Он вздохнул и сделал жест, который мог означать покорность судьбе.

– Лишь экстраординарные события показывают, кто мы есть на самом деле, а человек будет добровольно стремиться к этому. Господь даже попускает нас просить избавления от этого: «И не введи нас во искушение».

«Если я вернусь в Шотландию, то предстоит ли мне утонуть в море цитат из Писания? Даже этот молодой искатель приключений говорит как проповедник!» – подумала Мария.

– Они лишь плавают на поверхности, словно обломки кораблекрушения, моя королева. Вы убедитесь, что вода внизу чистая и холодная.

Еще долго после его ухода Мария сидела и читала бумаги своей матери. Странно, как плохо она знала ее, несмотря на официальную переписку, которая находилась под охраной и управлением ее личного секретаря Уильяма Мейтленда.

«Мейтленд. Разве я не встречалась с ним, когда он приезжал во Францию? Но это было так давно, – подумала Мария. – Мои дяди называли его умнейшим человеком в Шотландии и еще «шотландским Сесилом». Это значит, что он действительно очень умен».

Она с нежностью посмотрела на кучу материнских бумаг. Здесь были черновики, наброски и все письма, которые она сохраняла, многое говорившие о ее личности и характере.

Наконец, когда Мария покончила с работой, ощущая печаль, внутреннюю опустошенность и вместе с тем странное облегчение, она вспомнила: совсем недавно она пообещала вернуться в Шотландию. Но это было всего лишь устное обещание, данное почти незнакомому человеку по имени Джеймс Хепберн; оно не имело никакого веса. Она все еще может передумать.

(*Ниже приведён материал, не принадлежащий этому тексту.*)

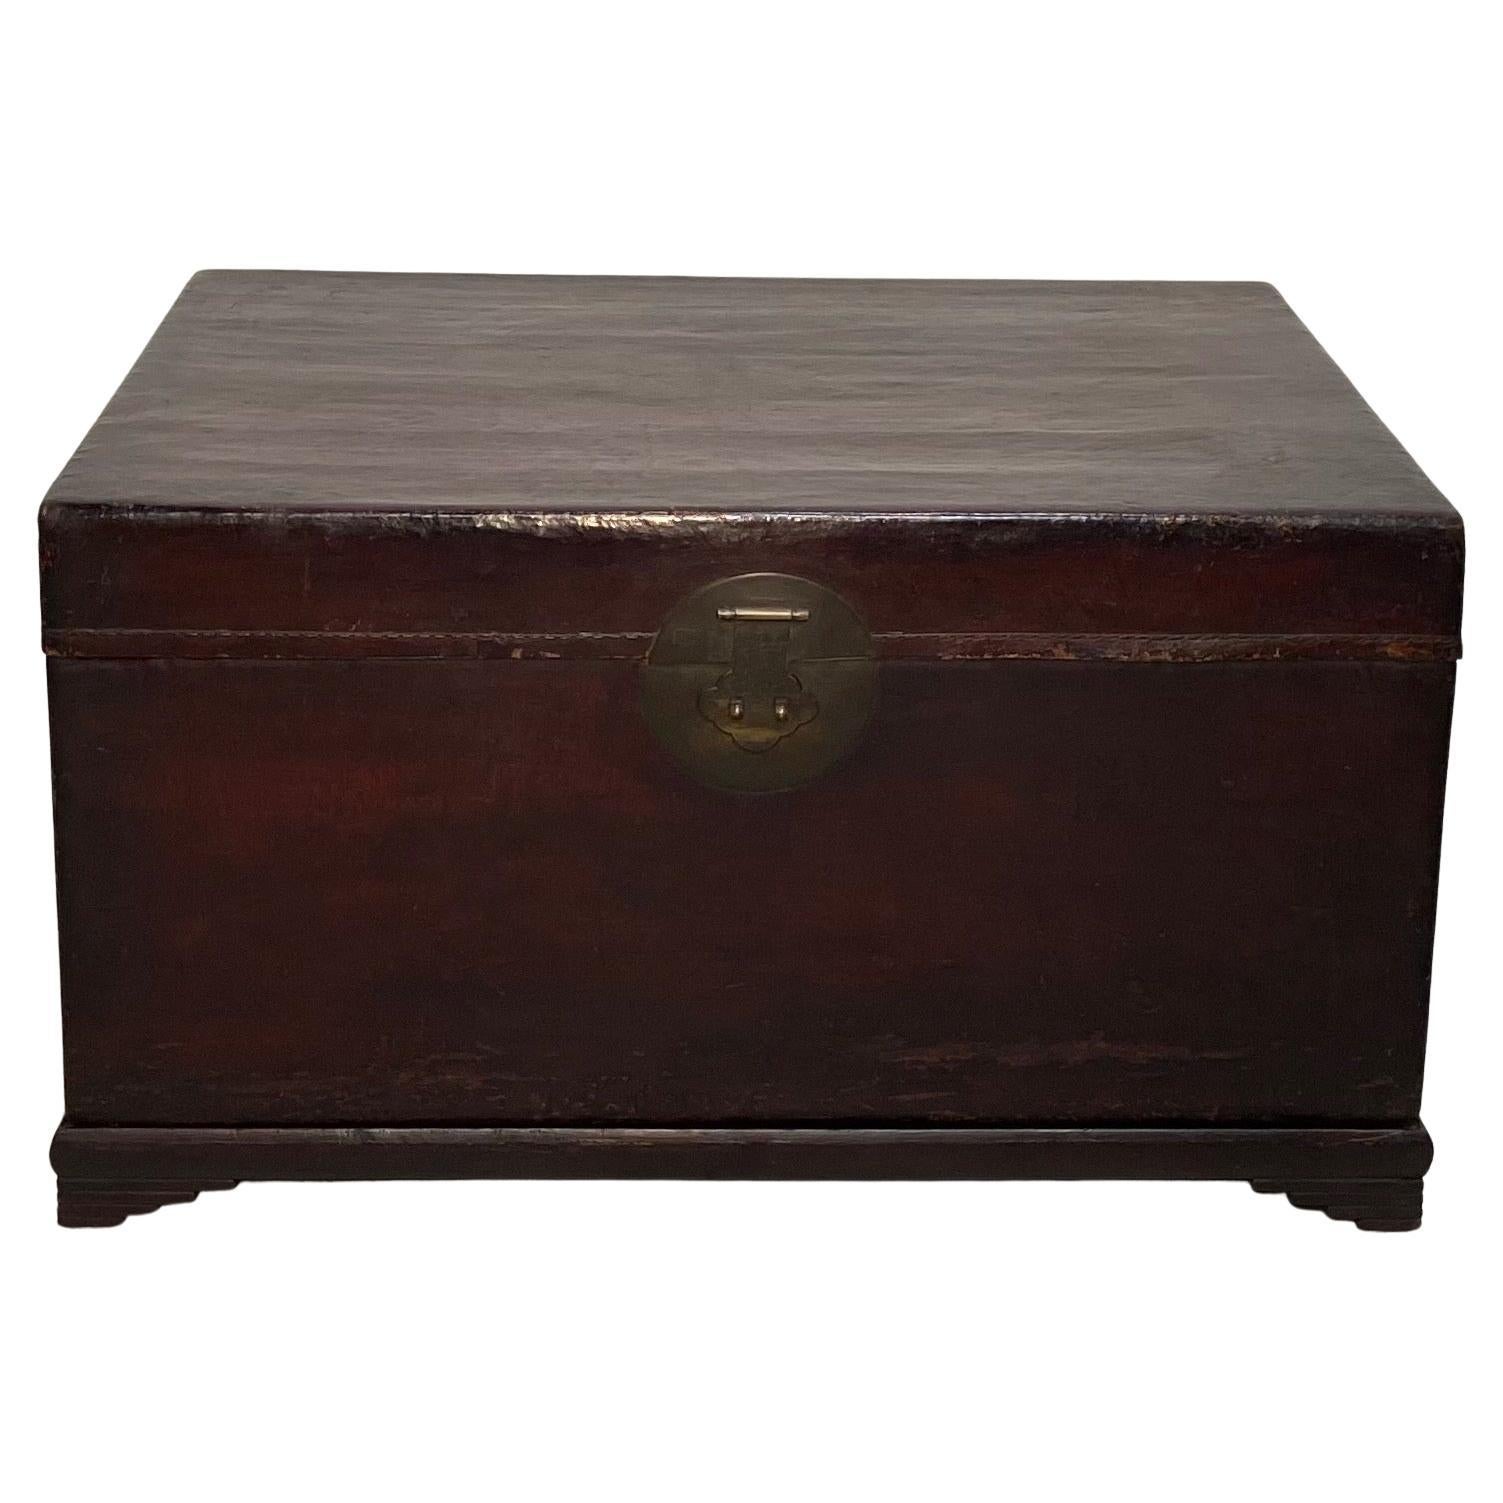 19th Century Chinese Export Leather Trunk on Stand For Sale

Сорок дней официального траура подошли к концу 15 января 1561 года, когда во францисканской церкви прошла заупокойная служба. День выдался отвратительный: на улице шел дождь со снегом, а в церкви было холодно и неуютно, когда монахи пели «Exsultabunt Domino ossa humiliata…» («Возрадуются кости, тобою сокрушенные»). Мария плотнее запахнула капюшон черного плаща, чтобы приглушить эти жестокие звуки.

Она знала, что тело Франциска уже забальзамировали. Его сердце, вынутое из груди, будет похоронено в парижском соборе Сен-Дени вместе с его предками. Скульпторы изваяли для него величественную гробницу рядом с усыпальницей Генриха II, и его сердце будет покоиться в ковчеге, окруженном резными языками пламени. Его сердце… Ей была ненавистна мысль, что они копались в его теле, хотя она знала французские традиции.

Теперь Мария могла покинуть Орлеан, эту злосчастную темницу, куда она поклялась больше никогда не возвращаться.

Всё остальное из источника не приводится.